How to connect to GLTM for new Wordfast with old Wordfast version

If you have an older version of Wordfast lying around, but are sent a link to a new gltm (global TM), you likely found out that the format of the link is invalid in the older Wordfast version. The gltm link format is as follows:
gltm://username:password@url:portnumber/

You can easily render this link such that it’s compatible with an older Wordfast version, which has the following format:
wf://username:password@url:portnumber/
In other words, just replace the gltm by wf and you’re all set.

Clear all target segments in Trados Studio 2009

Here’s how to clear all target segments in Trados Studio 2009:

  1. Select the first segment of the block that you want to clear by clicking on the number of the segment on the left-hand side as shown below.
    Selection of segments in Trados

    Selection of segments in Trados
    (The text in the segments is masked for confidentiality reasons.)

  2. Go to the last segment of the block of segments that you want to clear, keep the Shift key pressed while selecting the number of this last segment, as illustrated above. The entire block of segments should now be selected.
  3. Right click with your mouse and select “Clear Target Segment” from the context menu to clear all selected segments.
    Context menu for selection

    Context menu for selection

  4. Alternatively, you can also select “Translation > Clear Target Segment” from the main menu.
    Main menu - Translation

    Main menu – Translation

  5. As a third alternative you can use the keyboard shortcut “Alt+Del” to clear the selected target segments.

Superfluous Tags in Word Documents

Sometimes Word documents contain a lot of extra (hidden) tags, that can really hinder the use of a CAT-tool and stop your translation workflow in its tracks. Particularly PDF-documents that are converted to Word can have tags between every single word or even letter! The reason for this overabundance of tags is that Word seems to apply certain formatting settings to every single word or letter, instead of more globally to every single paragraph. To get rid of these tags without destroying the formatting of your source document, follow the procedure below. In any case, you’ll most likely have to do some reformatting of the translation no matter what, because I have yet to see a source and a target language pair with the exact same length of words.

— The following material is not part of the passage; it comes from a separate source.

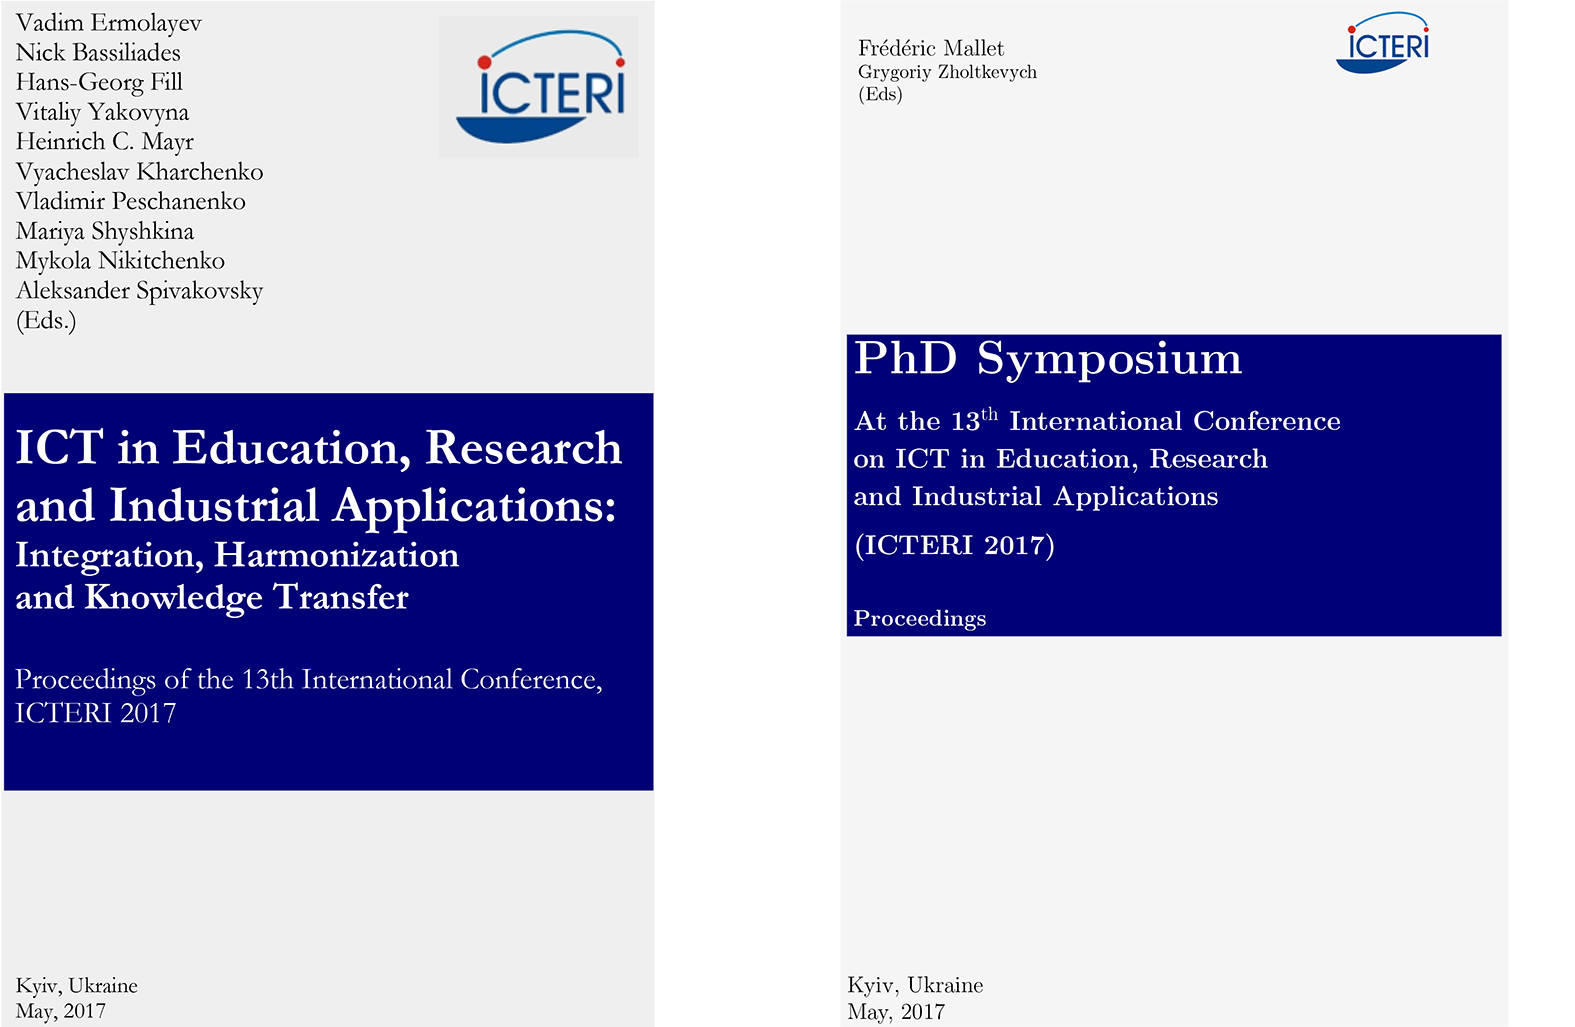 ICTERI-Proceedings-Cover

The procedure applies to Word 2010, 2007, and 2003 — if you have a different version, or a different Word processor, there should be an equivalent procedure with equivalent keyboard shortcuts.

  1. Open the source document in Word. It is advisable to save a copy of the original in the unlikely case something goes wrong.
  2. Use CTRL+A to mark the entire text.
  3. Use CTRL+D to open the character formatting dialog box, go to the “Character Spacing” tab (or the equivalent in your Word version) as shown below.
    Font dialog box in Word

    Font dialog box in Word

  4. Set the Scale to 100%, the spacing and position to Normal, and disable Kerning.
  5. Save the file and try opening it in your favorite CAT-tool. The superfluous tags should have disappeared. If not, proceed to the next step.
  6. If you are in Word 2010 or Word 2007, save the file as a Word 97-2003 document. The step from .docx-format to .doc-format usually removes all additional tags. You may have to do some minor reformatting when you save the final translated document in the original 2010 format.
  7. If you are in Word 2003 or the file is already in Word 97-2003 format, try saving it in a newer format, and then save it again in Word 97-2003 format.